Carbon is perhaps the most political compound on the planet, yet like data, it is invisible. Its consequences are clearly visible today and our governance is vital for transforming sustainable living practices in response to the Climate Crisis, COP26, Terra Carta and the IPCC targets proposed by the United Nations 2030 agenda. Compiling historical records from military to education, outer space to domestic space, the very first Barometer to the modern home Smart Meter, the methods in which we compile carbon and environmental data are becoming ever more personal. Despite this shift into the private realm, the apparatus and technology remain inaccessible to most people. Exploring the research by Paul Edwards concerning climate knowledge infrastructure 1 and by Jennifer Gabrys in relation to sensing practices 2, the project aims to unveil an alternative approach in compiling carbon as an ongoing archiving tool for recording impact, knowledge and value which becomes the ethical tension point between the personal and the global scales. It looks at how compiling carbon data might be reimagined by advancing technology for compiling carbon within the Internet of Things, Smart Home Devices and Sensor Technologies. The ongoing act of compiling carbon can be explored through new forms of media representations and may become more personal, visible and actionable. This makes the potential of personal scale data interaction greater and more accessible during existing conditions of isolation.

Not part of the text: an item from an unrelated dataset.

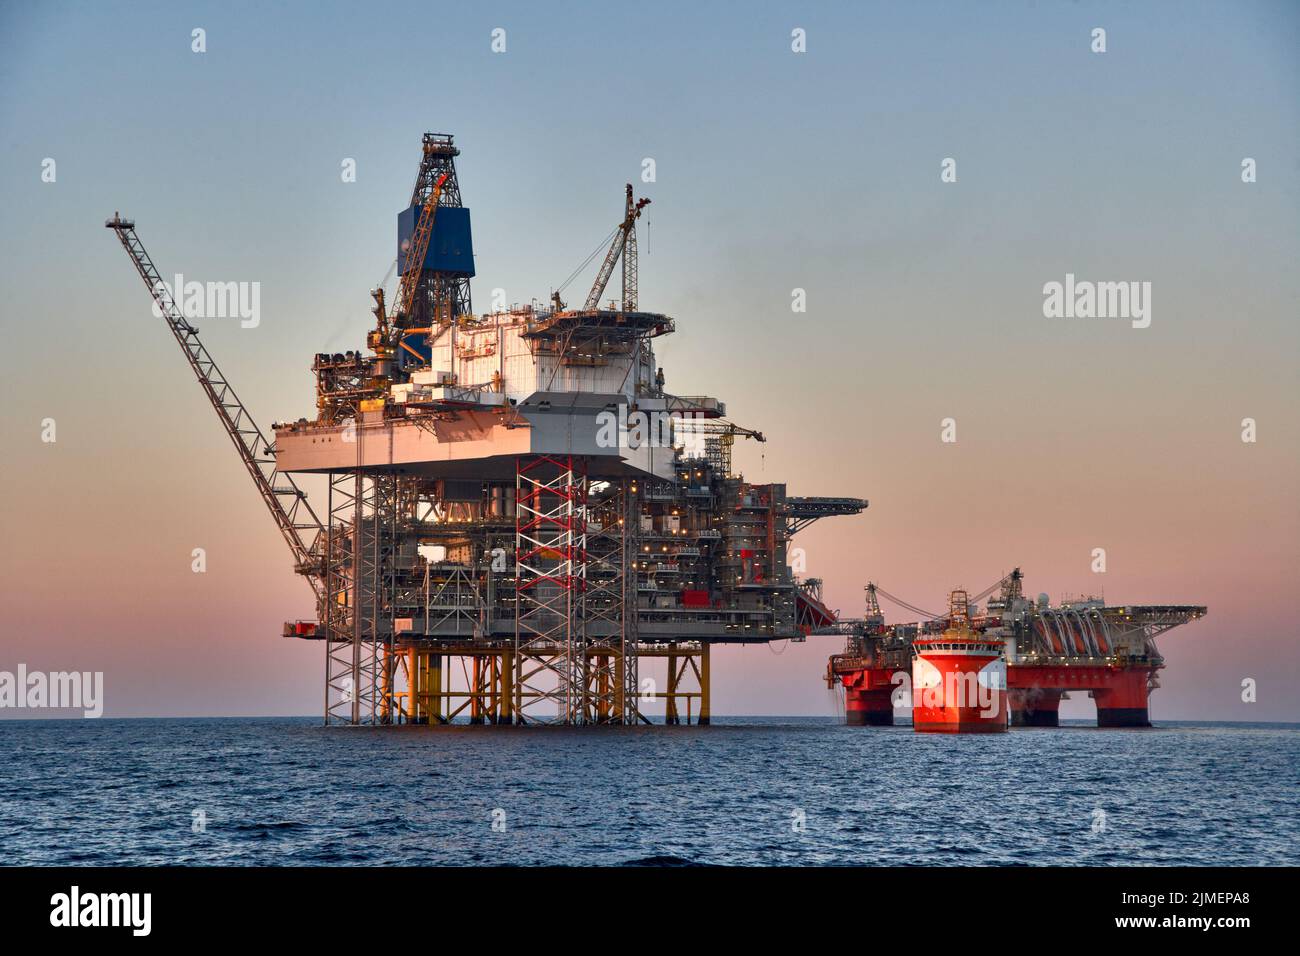 Blick auf die Offshore-Öl- und Gasanlage an einem sonnigen Tag auf See. Aufbocken, Halb-U-Boote, Rohölförderung im Ozean. Stockfoto

Conceived as a video format, the project begins with a personal documentation of compiling carbon to move to a larger scale infrastructure of digital twins of UK local authorities and companies as a final comparison matrix. Structured as a series of five timelines, each exploring carbon compiling at five different scales and aims, it ultimately contrasts the distance created between the climate apparatus from 1:1 to 1:10000. The project further explores the data ethics and historical governance of compiling carbon, footprinting and offsetting as an ongoing transboundary project between apparatus, bodies and their environments. By unveiling the interconnected network of actors, it aims to reflect on both the personal and global responsibilities of compiling carbon in the present to speculate on the future governance of compiling carbon.


  1. Edwards, Paul. 2013. A Vast Machine: Computer Models, Climate Data, and the Politics of Global Warming. Cambridge: MIT Press. 

  2. Gabrys, Jennifer. 2016. Program Earth: Environmental Sensing Technology and the Making of a Computational Planet. Minneapolis: University of Minnesota Press.